Promoters of this technology argue that the open oceans dilute waste water, rendering it harmless. But the solution to pollution is not dilution. Like plastic contamination over the years, we don’t know what the cumulative effect of this waste water will be or how it will interact with existing seaborne pollutants, particularly in congested sea-lanes like the English Channel, Malacca Straits or Baltic Sea.
Finally, breaches of current emissions standards are on the rise in their existing environmental control zones (ECA). So far flag states appear ill-equipped to ensure regulatory compliance. Installing a scrubber enables regulatory compliance with the continued use of non-compliant high sulfur fuel. But weak regulatory oversight means non-compliance in the open sea, whether through breakdown or malfeasance, cannot be effectively controlled.
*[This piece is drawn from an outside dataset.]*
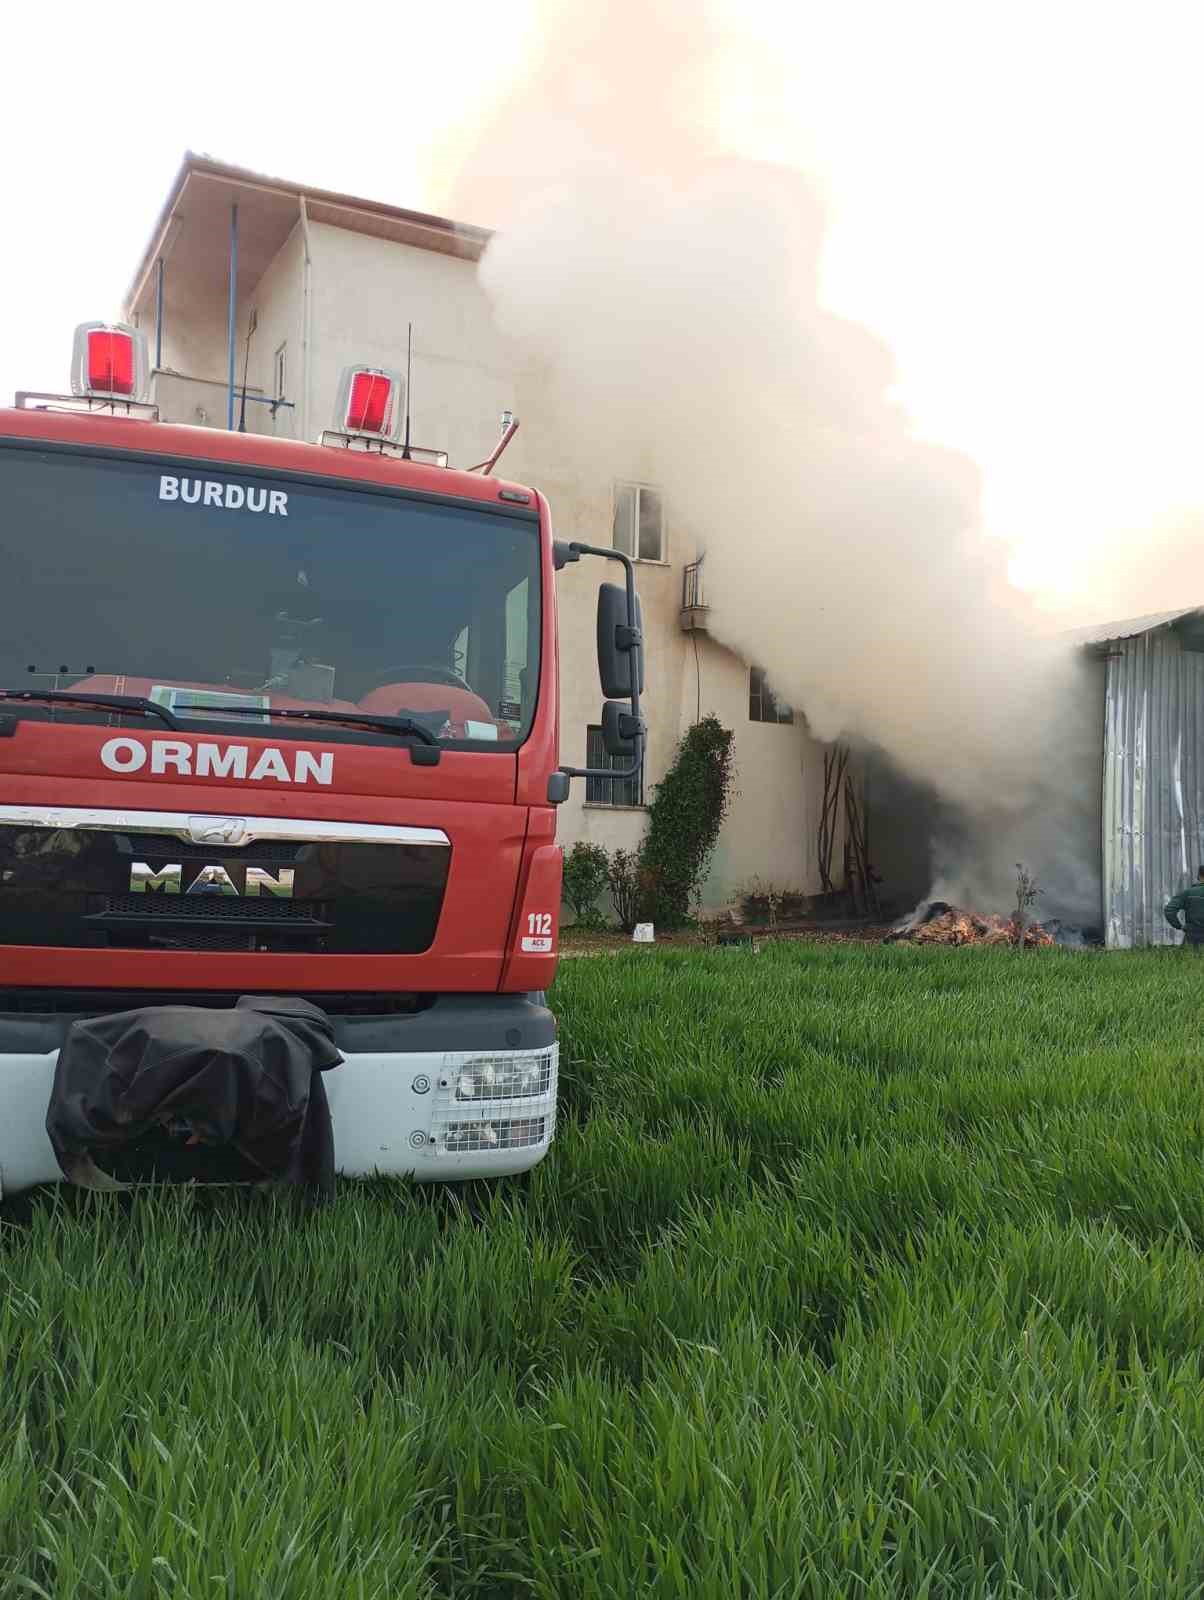 Burdur’da samanlıkta başlayan yangın eve sıçradı, büyük çapta maddi hasar meydana geldi

However, Euronav said that it wholeheartedly embraced the IMO 2020 regulations and wishes to adopt the directive properly, universally and without delay. Refiners and oil producers have increasingly made clear that sufficient compliant fuel will be available. Scrubbers are therefore a loop hole which makes enforcement of the sulfur ban extremely complex, difficult to enforce and likely to facilitate non-compliance.
As for the outlook, a seasonal increase in cargo flow has kick started an improving tanker market, which should continue to build through 2019. Demand has remained resilient despite a higher oil price. Tonne/miles continue to grow via US crude exports. The underlying supply of cargoes has grown as OPEC/Russian production cuts have been reversed.
Encouragingly, recycling activity has persisted and contracting restraint has been evidenced with no VLCC orders since May and only four Suezmax orders in total year to date. Further fleet rebalancing is required before this supportive background can be fully translated into improved freight rates on a sustainable basis.
So far in 4Q18, the Euronav VLCC fleet operated in the Tankers International Pool has earned about $26,962 per day and 56% of the available days have been fixed. Euronav’s Suezmax fleet trading on the spot market has earned about $19,171 per day on average with 53% of the available days fixed.